What does eliminate mean in U.S. legal context?

This section is written to answer the term query immediately, before the reader has to scroll through secondary detail.

The act of completely removing or getting rid of something, often a negative element, an unwanted entity, or a specific requirement within a legal context.

Why readers land here

Most people are trying to decode one unfamiliar term quickly, then decide whether the surrounding clause changes risk, money, control, or timing.

Plain English

eliminate, explained simply

A cleaner interpretation for founders, operators, freelancers, and anyone reading legal text without slowing down the whole document review.

Imagine 'eliminate' as the action of totally getting rid of something that is causing trouble or needs to be removed from a set of rules or a situation. It means to completely wipe out a problem or a specified item.

How eliminate shows up in legal documents

Structured for both skimming humans and answer-oriented search systems: direct questions, direct answers, minimal fluff.

What is it?

The complete removal, cessation, or eradication of a specific element, requirement, liability, or obligation within a legal framework or contractual agreement.

Why does it matter?

It matters because it defines the scope of obligations, liabilities, or rights. In litigation, it determines what is removed from a claim or defense, and in contract law, it dictates the precise scope of duties owed by one party to another.

When does it matter?

It usually appears when discussing liability limitations, contractual exclusions, regulatory compliance failures, or the termination of a specific obligation under a legal mandate.

Where is it usually seen?

It is commonly seen in statutes defining permissible actions, penalty clauses, warranty exclusions, or in procedural rules detailing how to resolve a dispute or terminate a defined relationship.

Who is affected?

Affected parties include the plaintiff/defendant determining liability scope, the regulatory body deciding on compliance failures, or the contracting party deciding on termination.

How does it work?

In practice, it involves applying a legal standard to remove an undesirable element—such as eliminating a breach of contract, removing a defective product from the market, or eliminating a specific risk under insurance policy.

Understand eliminate fast

A compact visual model plus real-world examples makes the term easier to recognize in contracts, claims, and negotiation language.

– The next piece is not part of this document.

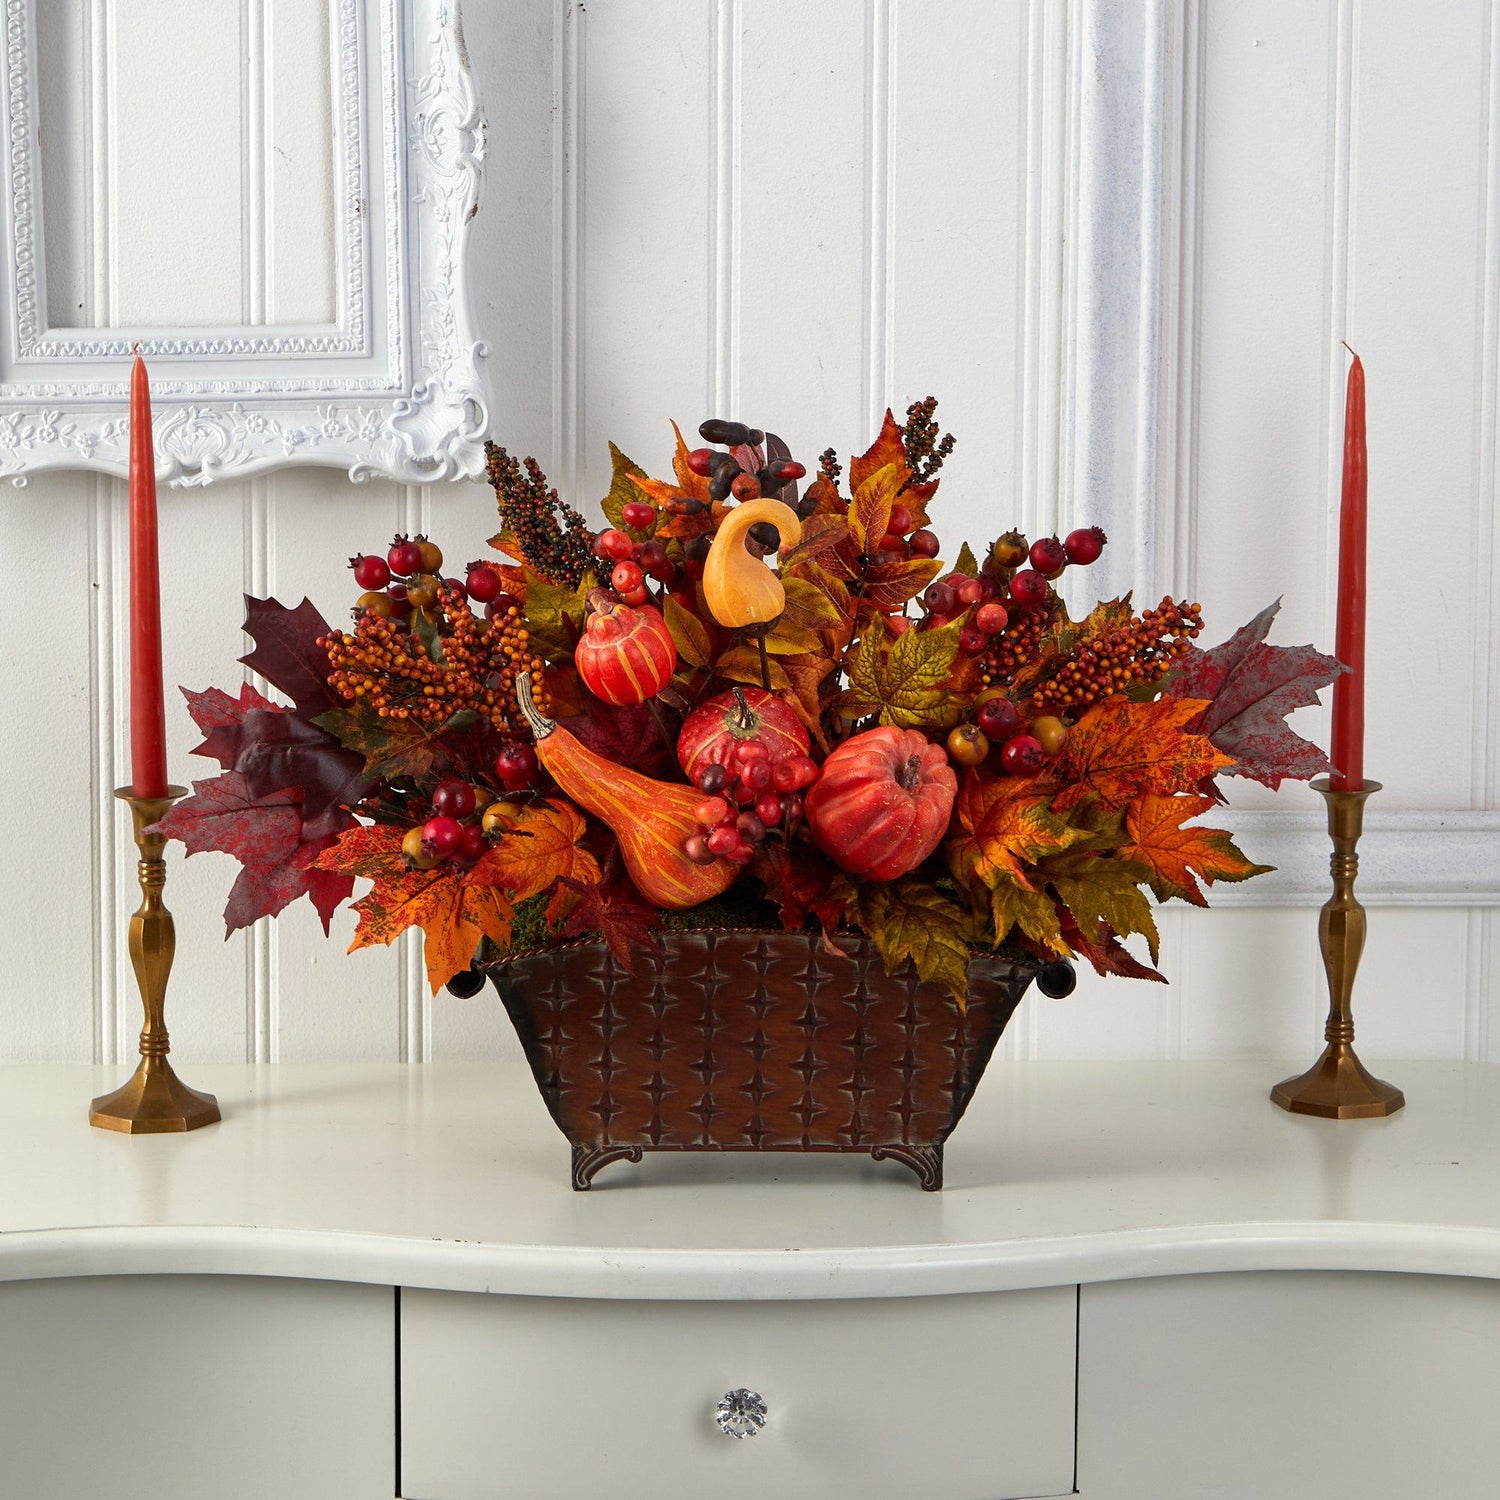 27” Pumpkin, Maple Leaf and Berries Artificial Arrangement in Metal Vase

Use this as a quick mental picture before you read the examples or go back into the clause itself.

An explainer image has not been generated for this term yet, but the examples on the right still show how it usually matters in practice.
1
Example

Eliminate a defect in a warranty claim.

2
Example

Eliminate a liability claim through a successful defense.

Next step

See where this term changes the real contract outcome

If this term appears in a live document, the surrounding sentence usually matters more than the dictionary meaning alone.

Knowledge graph

Where eliminate connects to real contract work

This layer links the term to nearby glossary entries, document use cases, and contract-risk guides so both humans and answer engines can move from definition to context without dead ends.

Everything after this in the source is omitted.